▶ **YOUR GOAL**
Please retype the data below line for line and leave out every picture.

▶ **SUPPLIED MATERIAL**
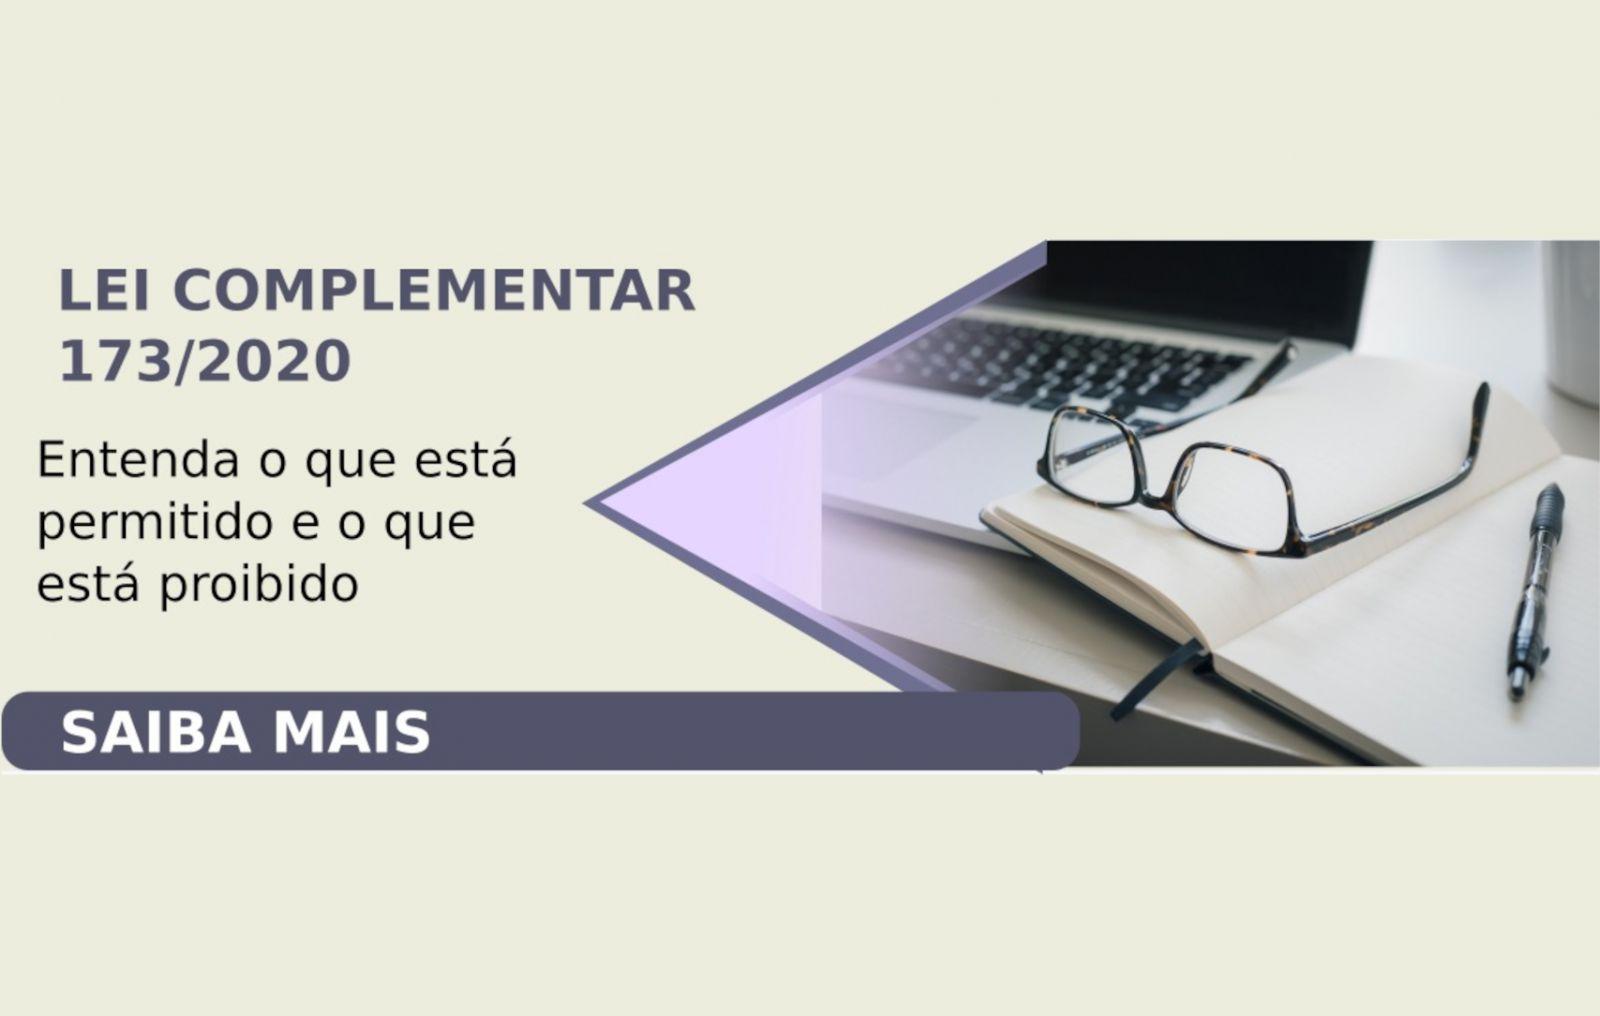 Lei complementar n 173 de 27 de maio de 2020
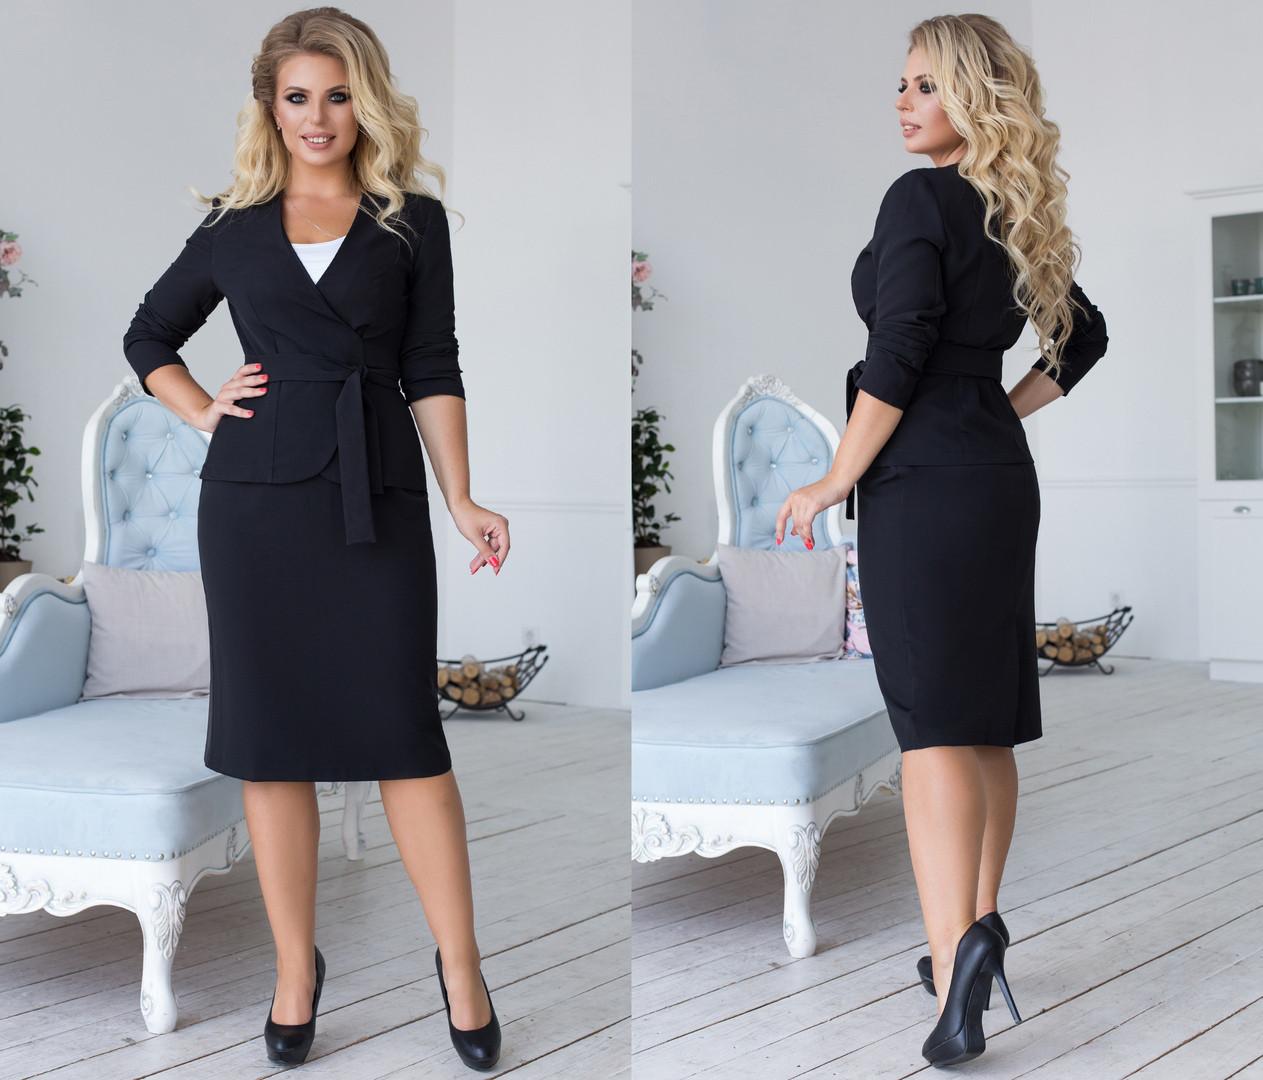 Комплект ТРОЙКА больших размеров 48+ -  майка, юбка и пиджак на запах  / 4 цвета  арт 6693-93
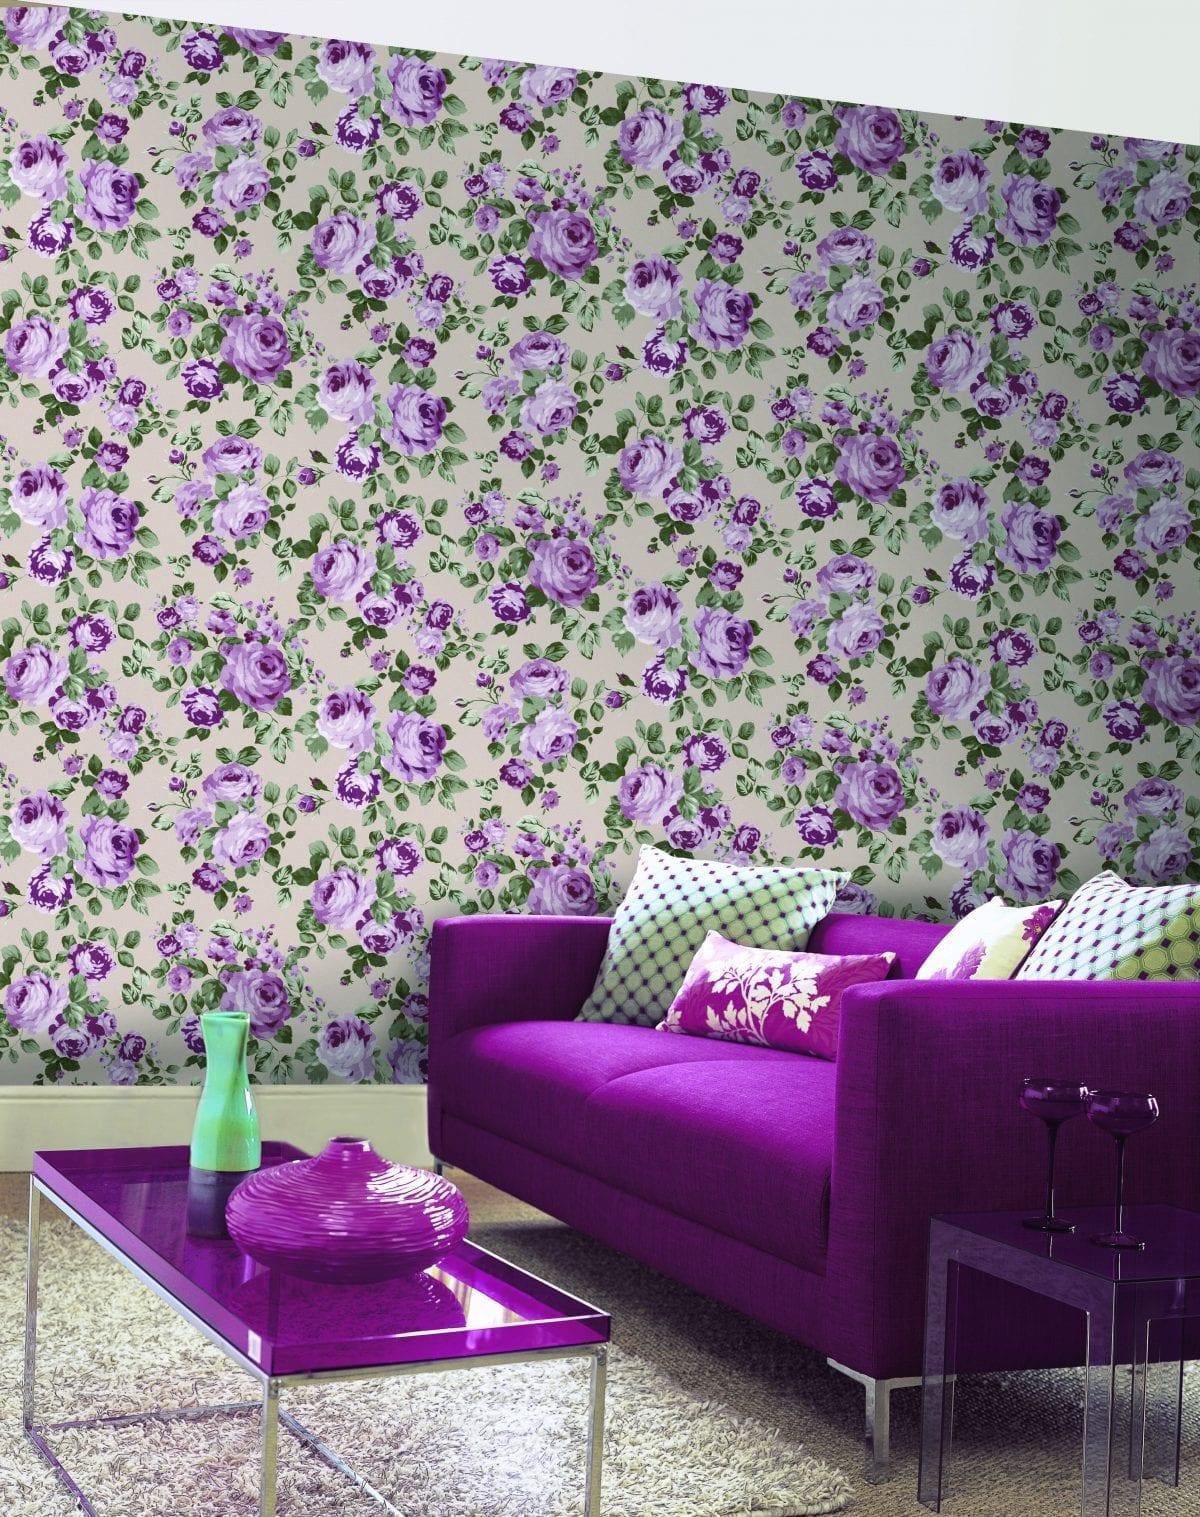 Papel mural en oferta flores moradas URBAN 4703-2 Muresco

▶ **TASK SOLUTION**
 Lei complementar n 173 de 27 de maio de 2020
 Комплект ТРОЙКА больших размеров 48+ -  майка, юбка и пиджак на запах  / 4 цвета  арт 6693-93
 Papel mural en oferta flores moradas URBAN 4703-2 Muresco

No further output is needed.